Form-Based and Use-Based Unified
We are seeing more unified land development ordinances that combine form-based code governing walkable neighborhoods with use-based code covering the more car-centric areas. Some call these hybrid codes, or more simply, unified development codes. This still deals with making a shorter, more user-friendly document, but also simplifies administrative burdens and becomes a call for investment thanks to clear rules. Thompson’s Station, Tennessee is an example, although with full disclosure that PlaceMakers is the author. Also, Opticos’ Beaufort County, South Carolina is another inspiring example.
Get Out of the Parking Business
We are seeing more cities getting out of the parking business. Instead of requiring by law a certain minimum number of parking spots per home or business, these cities understand that lenders will not support less spaces than are required for business success. While these cities are still engaging in parking management to specify acceptable parking locations, particularly for the A-Grid, minimums are no longer codified. A good example of this is Buffalo Green Code, led by Camiros.
Coding for Cash Cows
The first city to see over a billion dollars of new development under its form-based codes is Nashville, Tennessee. Long before the first FBC was adopted there, the visionary planning director, Rick Bernhardt, changed setbacks to build-to ranges for the more walkable parts of the city, and required parking be on-street or behind the building. With little more than a two-sentence text amendment in their use-based code, the development community got comfortable with building urbanism.
If I can control just one thing – how the building meets the street – I can deliver livable urbanism.” ~Andrés Duany
Now, the certainty provided by the form-based code is driving value. Nashville’s neighborhoods regulated by “form-based zoning increased 113% in value from 2005 to 2013 compared with 33% countywide.”
Other Cool Innovations
Every time we update the Code Study, I’m inspired by my fellow coders. Here are a few more notable codes, although you’d need to give a look at the 654 codes currently on the study to really do them justice.
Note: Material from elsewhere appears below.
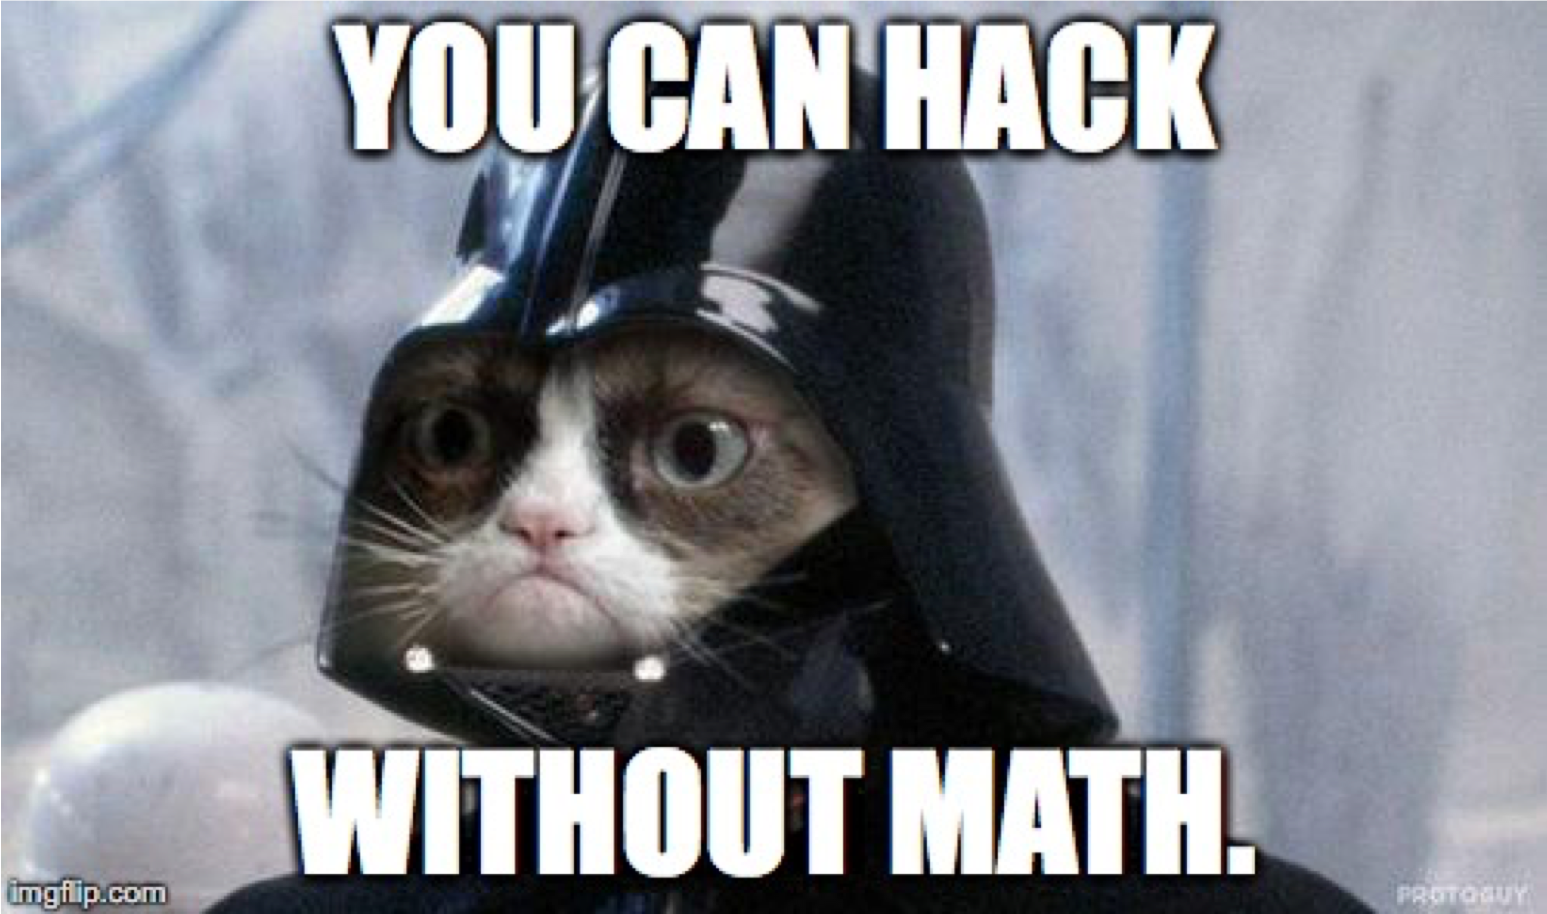 ospf-hack-without-math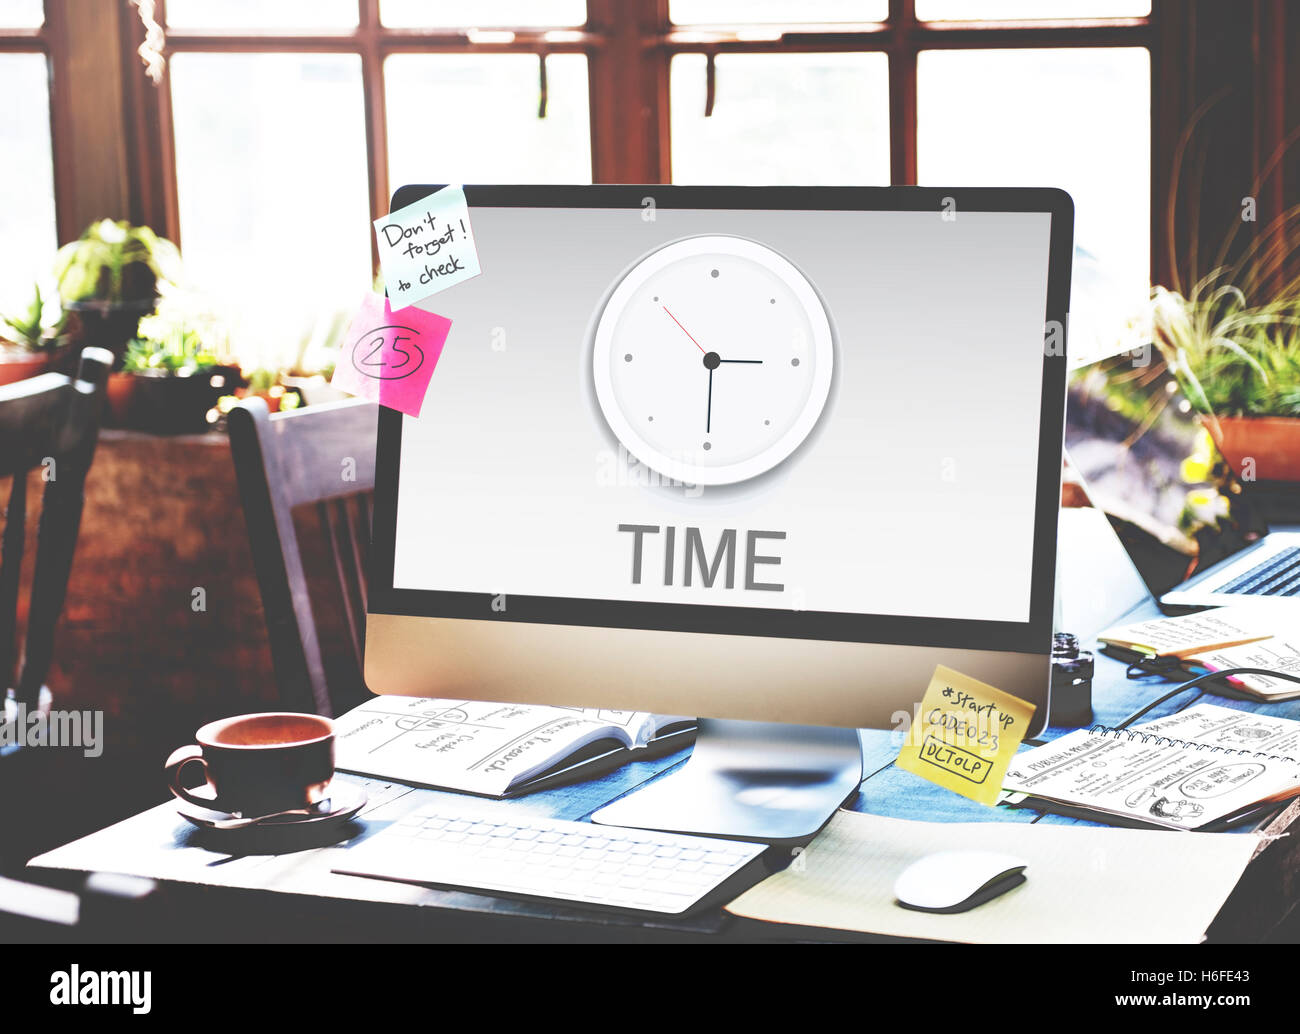 Time Clock Management Concept Stock Photo

Codes based on the idea of the rural-to-urban spectrum of the transect make up 52% of the form-based codes adopted or in process today. They may not use the word transect nor the general terms, but the majority use the idea of these rural-to-urban character zones.
There are a couple definitions of common language, one being in the way that the transect establishes a common language to coordinate planning, urban design, engineering, affordability, and preservation. The second is about moving away from legalese of land use written by and for lawyers, and instead written in plain language of landowners, builders, and designers. DPZ’s Walkable Urban Code for Phoenix removes much of the legalese as well as using the transect as an operating system.
Dover Kohl’s Boulder, Colorado code has some interesting paseos regulations on this frontage code. Check out code section 9-2-16 and Appendix M.
Code Studio’s building configuration illustrations for Fort Worth, Texas are worth a look.
The Michigan Municipal League’s Traverse City, MI FBC has nice flow charts on i.2; how-to on i.3; departures charts on 2.2; and context on 5.3. Consultants assisting the MML were Nederveld and Williams & Works. More good flow charts from Dana Point, California’s Doheny Village, from ROMA Design Group and Opticos.
Additions Always Welcome
The Codes Study, codesstudy.org, is a collaborative effort of thousands of planners and coders. If you’ve contributed, thanks again. If you have updates or additions, please let us know and we’ll include in the next update. Until then, keep up the great work!